To: <amps@contesting.com>
Subject: [AMPS] Power Handling of Resistors
From: jono@enteract.com (Jon Ogden)
Date: Fri, 10 Mar 2000 07:26:49 -0600
on 3/10/00 12:29 AM, Ian Roberts at itr@nanoteq.co.za wrote:

> Jon Ogden wrote:
>> Capacitors discharge at an exponential rate and cannot deliver an
>> instantaenous spike.
> 
> Speaking from memory, I recall that a 1 micro size cap can provide a
> peak current of 20 amps, therefore 32 micros can provide...?

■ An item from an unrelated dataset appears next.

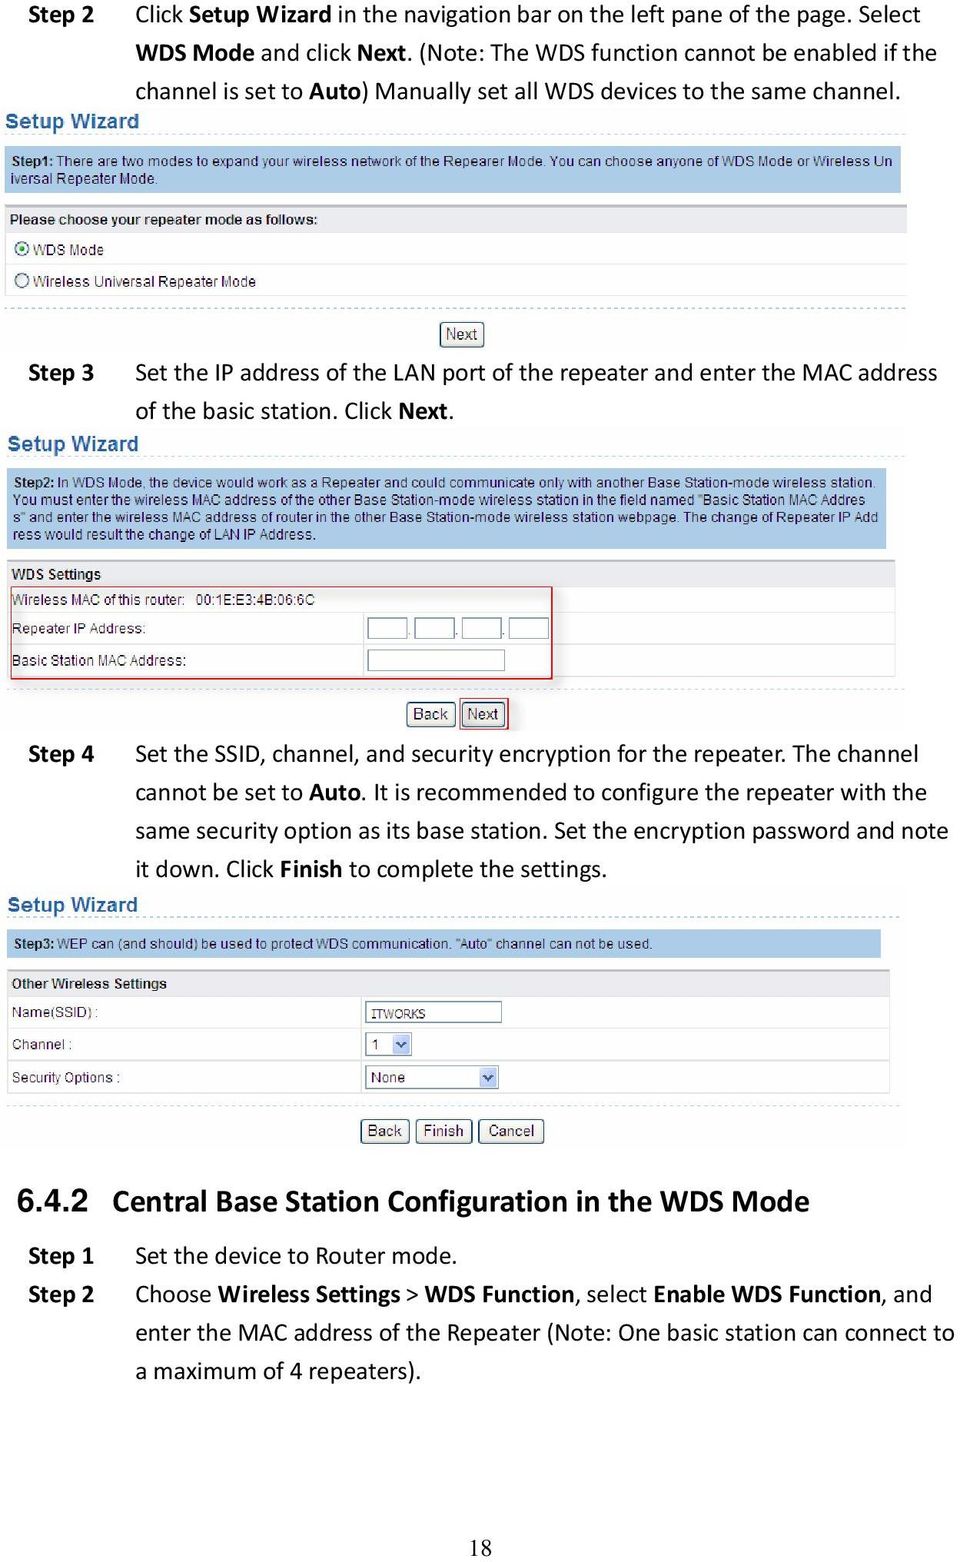 Step 3 Set the IP address of the LAN port of the repeater and enter the MAC address of the basic station. Click Next. Step 4 Set the SSID, channel, and security encryption for the repeater.

It's still not an INSTANTENOUS function.  A cap doesn't discharge all of
it's energy at once.  And 20 amps from 1 uF sounds like an awful lot.

Let's see....

Let's say we have 32 uF at 4000 volts as in the example all along.

The stored energy is:

J = (32E-6 * 16,000,000)/2
J = 512/2

J = 256 Joules

 
Now,  if 1 uF can deliver 20 amps then at 32 uF, we have 640 Amps peak
capability.

So at 4000 Volts and 640 Amps, we get 2,560,000 Watts.

Is the typical ham amplifier power supply really capable of delivering a
peak power of 2.56 MegaWatts?

Knowing that we have 256 Joules of available energy and that a Joule is a
Watt second, this means that the cap would be discharged in 0.39 uSec.

Let's say we have connected the supply output to a 50 Ohm resistor connected
to ground.

We know that capacitor discharge is expressed by the formula:

V = E *(e^(-t/RC)) 

where E is capacitor voltage and e is the natural logarithmic base (2.718).

Let's see how much voltage our 32 uF capacitor bank has left after 0.39
uSec.

V = 4000*(e^(-0.39E-6/(50*32E-6)))

V = 3999.025

So....I don't think a 1 uF cap can provide a peak current of 20 Amps.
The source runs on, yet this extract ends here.